An annuity that guarantees a specific rate of return. During the return phase, their will be a guaranteed fixed amount of income that will be paid on a regular schedule.

Floater

Coverage for property that moves from location to location either on a scheduled or unscheduled basis. If the floater covers scheduled property, coverage is listed for each item. If a floater covers unscheduled property, all property is covered for the same limits of insurance.

Flood Insurance

Coverage for flood damage is available from the federal government under the National Flood Insurance Program but is sold by licensed insurance agents. Flood coverage is excluded under homeowners policies and many commercial property policies. However, flood damage is covered under the comprehensive portion of an auto insurance policy.

Forced Place Insurance

Insurance purchased by a bank or creditor on an uninsured debtor's behalf so if the property is damaged, funding is available to repair it.

Foreign Insurance Company

Name given to an insurance company based in one state by the other states in which it does business.

Formulary

(See Drug formulary)

Fraud

Intentional lying or concealment by policyholders to obtain payment of an insurance claim that would otherwise not be paid, or lying or misrepresentation by the insurance company managers, employees, agents, and brokers for financial gain.

Free Look Period

The period of time after the delivery of an insurance policy when you can review the policy.
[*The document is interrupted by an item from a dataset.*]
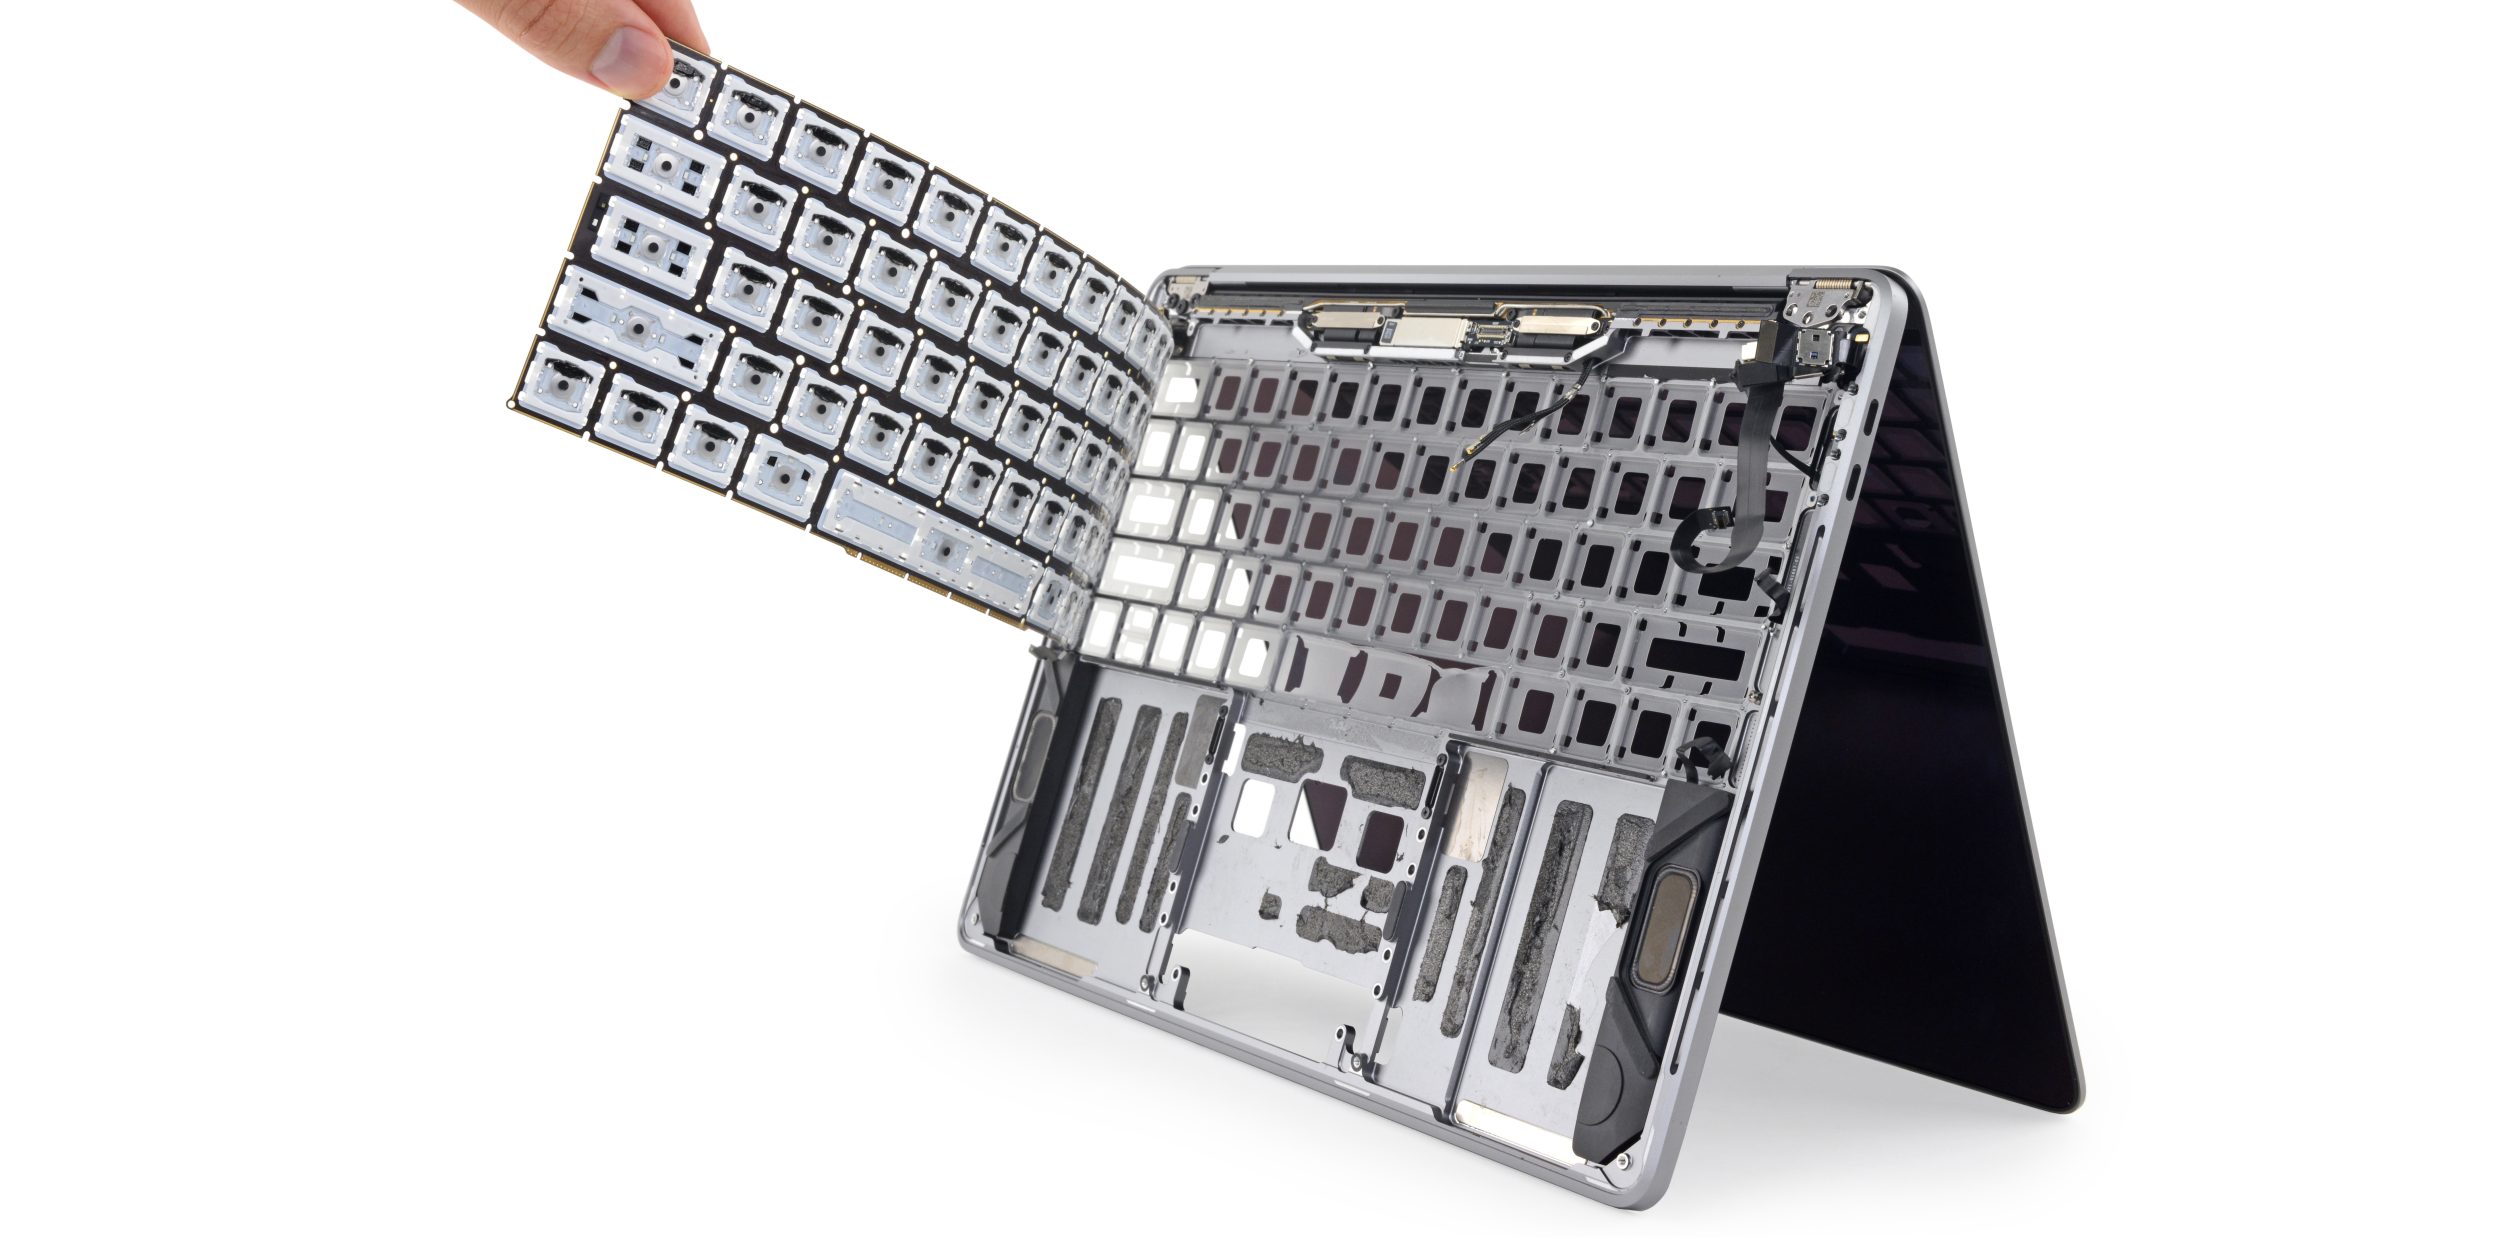 onscreen keyboard for mac os x utilities

If you change your mind about keeping the policy during this time period, you can cancel the policy and get your initial premium back.

Fronting

A procedure in which a primary insurer acts as the insurer of record by issuing a policy, but then passes the entire risk to a reinsurer in exchange for a commission.

Futures

Agreement to buy a security for a set price at a certain date the contracts usually involve commodities, indexes or financial futures.